Oxford, UK – 29 April 2009: Oxford BioMedica (LSE: OXB) announced today that it has entered into a new collaboration with sanofi-aventis to develop novel gene-based medicines, utilising the Company’s LentiVector® gene delivery technology, for the treatment of ocular diseases. Oxford BioMedica will receive an upfront payment of US$26 million (£18 million) and committed funding of up to a further US$24 million (£16 million) over three years. In addition, sanofi-aventis has an exclusive option for a worldwide licence to develop and commercialise four ocular products. If successful, Oxford BioMedica will receive further undisclosed license fees, milestone payments and royalties on product sales, the terms of which are consistent with other deals of this size and scope.
The initial payment from sanofi-aventis significantly strengthens Oxford BioMedica’s financial resources. As a result, with pro forma net cash1 as at 31 December 2008 of approximately £51 million, the Directors estimate that current cash is sufficient to support the Company’s operations into 2012.
Dr Marc Cluzel, Senior Vice President, Research and Development of sanofi-aventis, said: “Oxford BioMedica is a highly valued partner, and we respect their scientific expertise and highly skilled personnel. Our new collaboration in the field of ophthalmology complements our pipeline and overall strategy of developing innovative treatments for inadequately treated disease. The ability of Oxford BioMedica’s LentiVector technology to deliver genes into retinal cells efficiently and stably makes it a valuable system for gene-based approaches to ocular diseases. This collaboration is a key step in our strategy to expand our efforts in this field.”
Commenting on the deal, Oxford BioMedica’s Chief Executive, John Dawson, said: “We are delighted to have entered a new collaboration with sanofi-aventis for the treatment of ocular diseases, which enables us to accelerate and expand our development activities in this area. This multi-product collaboration, combined with the encouraging data emerging from the Phase I/II trial of ProSavin® in Parkinson’s disease, validate the tremendous potential and value of our LentiVector platform across many indications. The broad scope of our new partnership is in line with the Company’s strategy of reducing risk and maximising the value of our assets. By strengthening our financial resources, we are well-positioned for further growth and will continue to build the Company through in-house and collaborative drug development.”
Dr Stephen Rose, Chief Research Officer of the Foundation Fighting Blindness, which is collaborating with Oxford BioMedica, said: “The Foundation Fighting Blindness, which is committed to driving research that can save and restore sight, is delighted that sanofi-aventis, as a major pharmaceutical company, is investing in the field.
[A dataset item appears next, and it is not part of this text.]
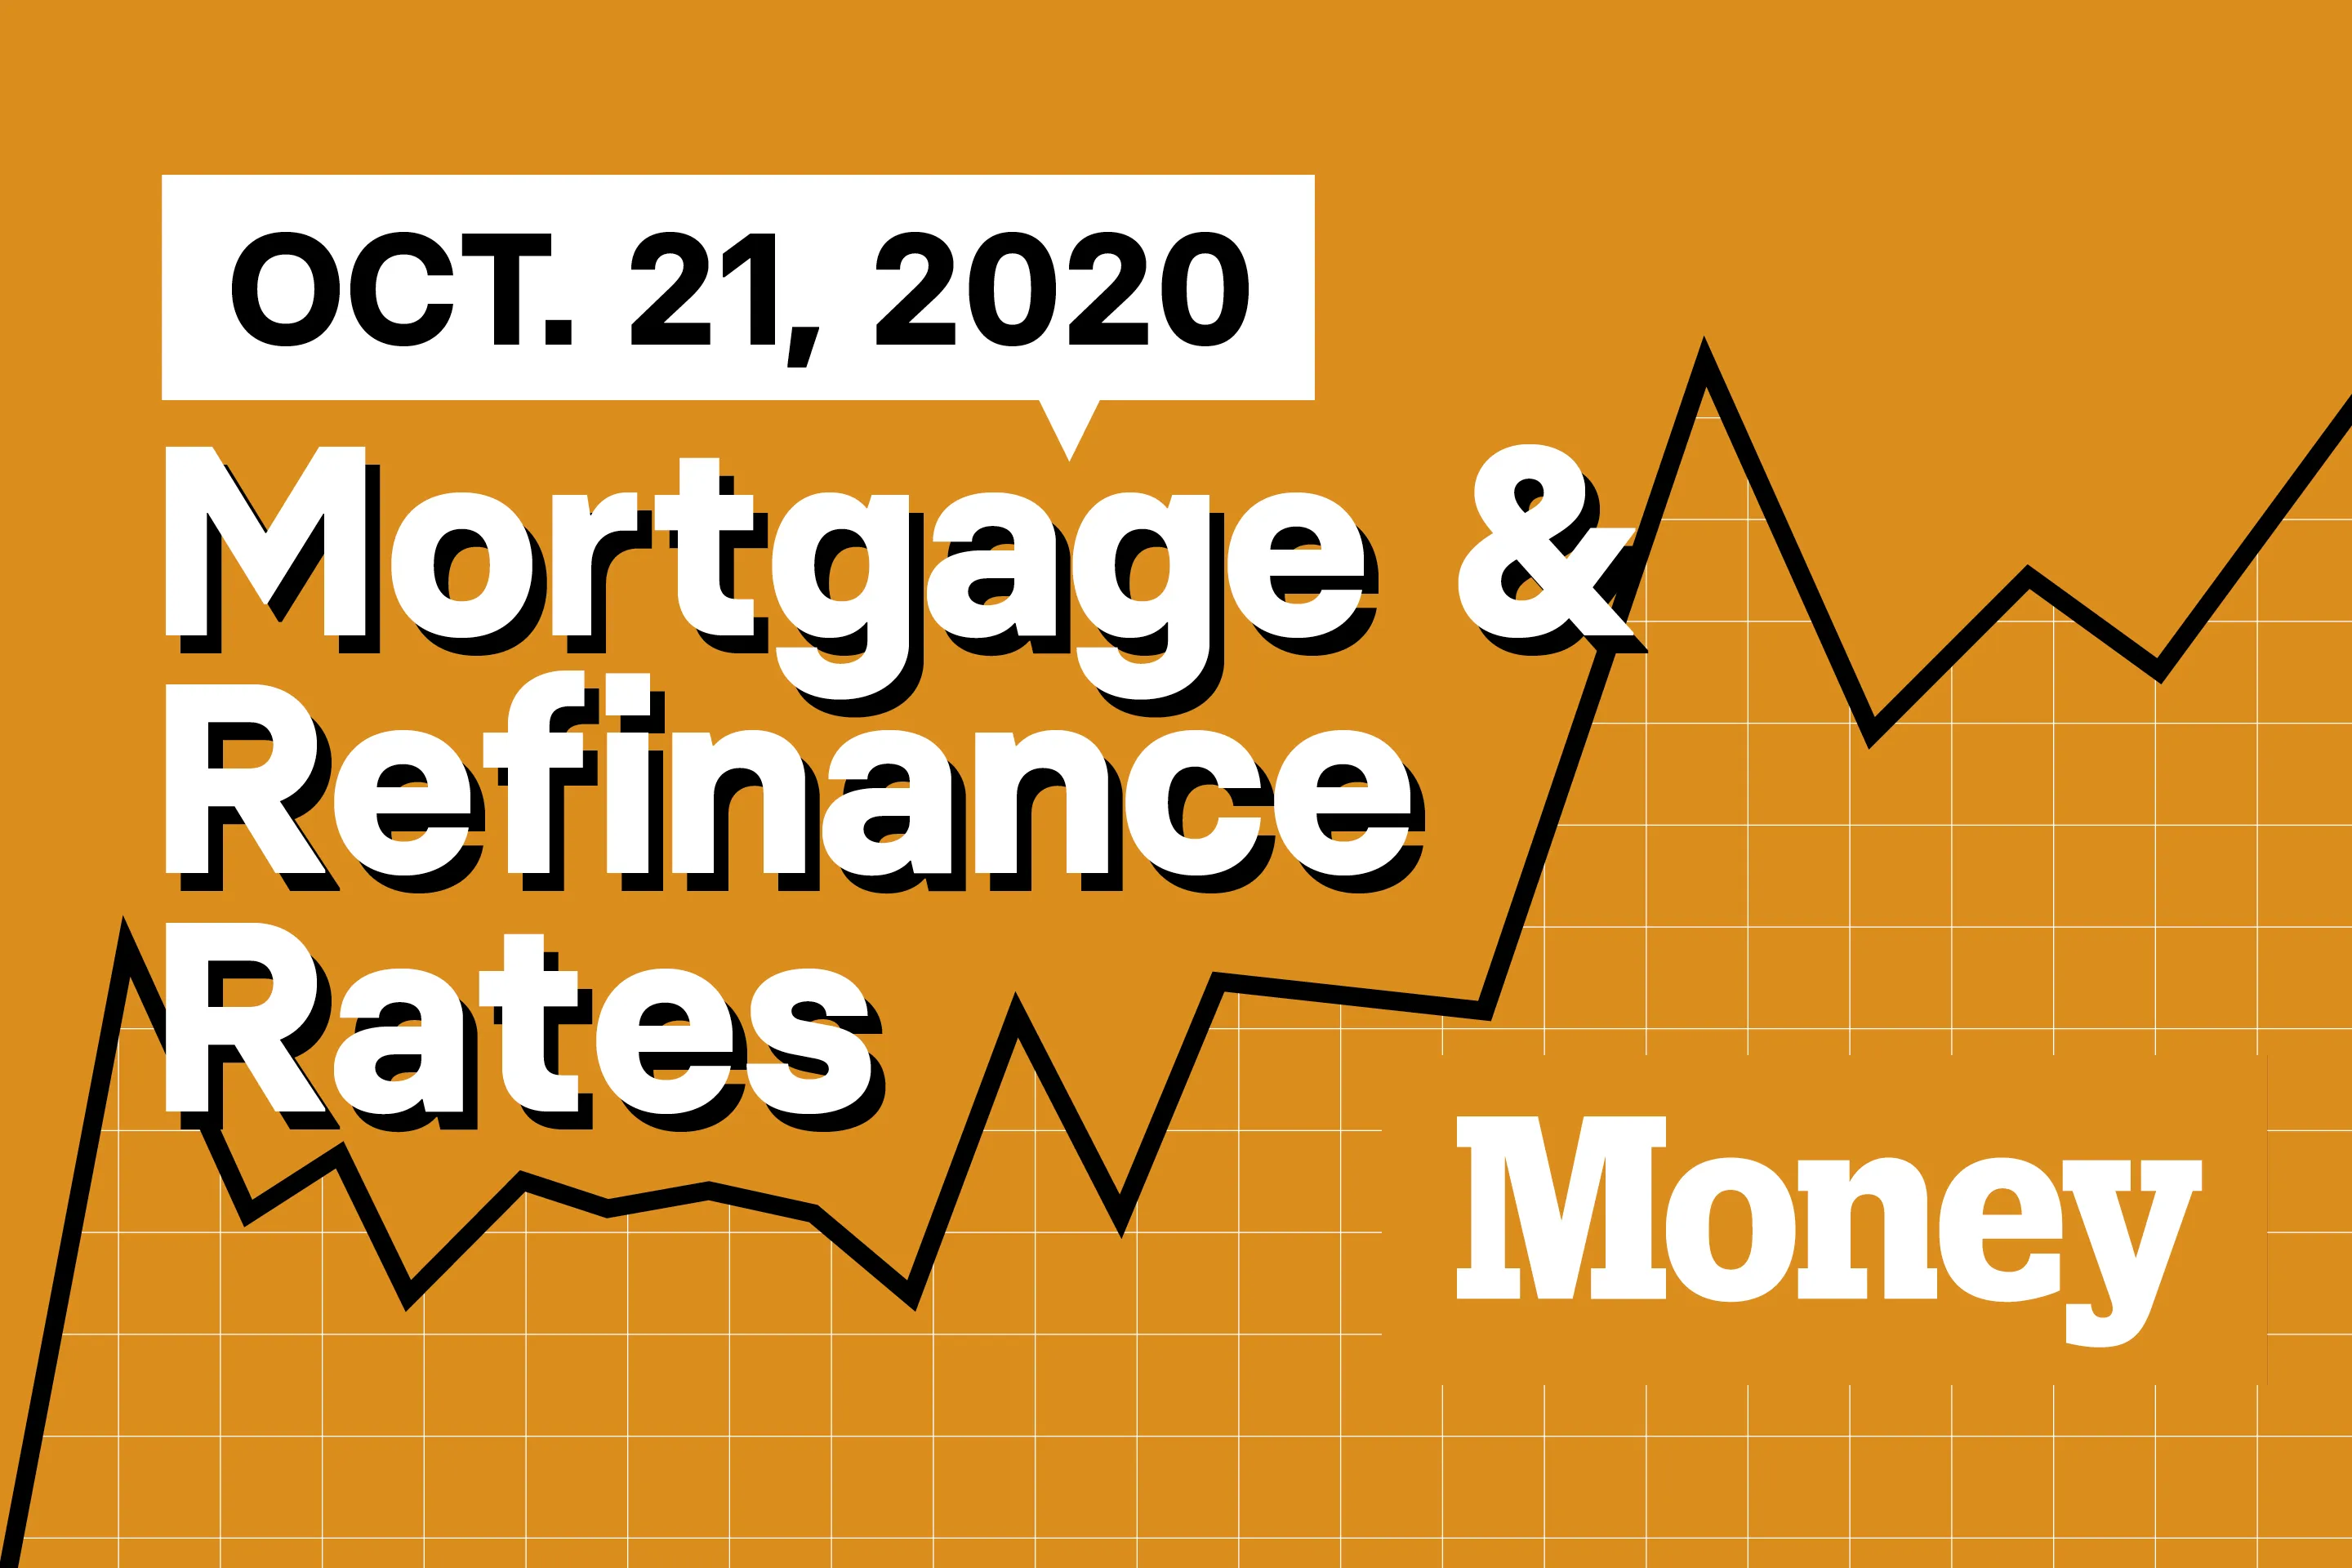 Here Are Today's Best Mortgage & Refinance Rates for October 21, 2020

This new collaboration between Oxford BioMedica and sanofi-aventis gives even greater hope to patients and their families that novel gene-based therapies may soon be developed to treat their debilitating ocular diseases. We will continue to work closely with Oxford BioMedica and hope to contribute to the successful development of these exciting product opportunities.”
The new agreement covers four LentiVector-based product candidates in the field of ophthalmology: RetinoStat® for wet age-related macular degeneration, StarGen™ for Stargardt disease, UshStat™ for Usher syndrome 1B and EncorStat™ for corneal graft rejection. The four products are addressing key unmet medical needs. There are currently no existing treatments for Stargardt disease, Usher syndrome and corneal graft rejection. Oxford BioMedica has granted sanofi-aventis a license to develop the products, and an option for further development, manufacture and commercialisation on a worldwide basis.
Oxford BioMedica will be responsible for preclinical development and for conducting initial Phase I/II studies. Under the joint development plan, the companies aim to advance all four product candidates into Phase I/II development within three years. At any time prior to or within a defined period after completion of each Phase I/II study, sanofi-aventis can exercise its option to license the products and will then assume responsibility for ongoing activities. Sanofi-aventis also has rights to broaden its license to develop the four products in additional indications, and has rights of first refusal to license other LentiVector-based products for the treatment of ocular diseases.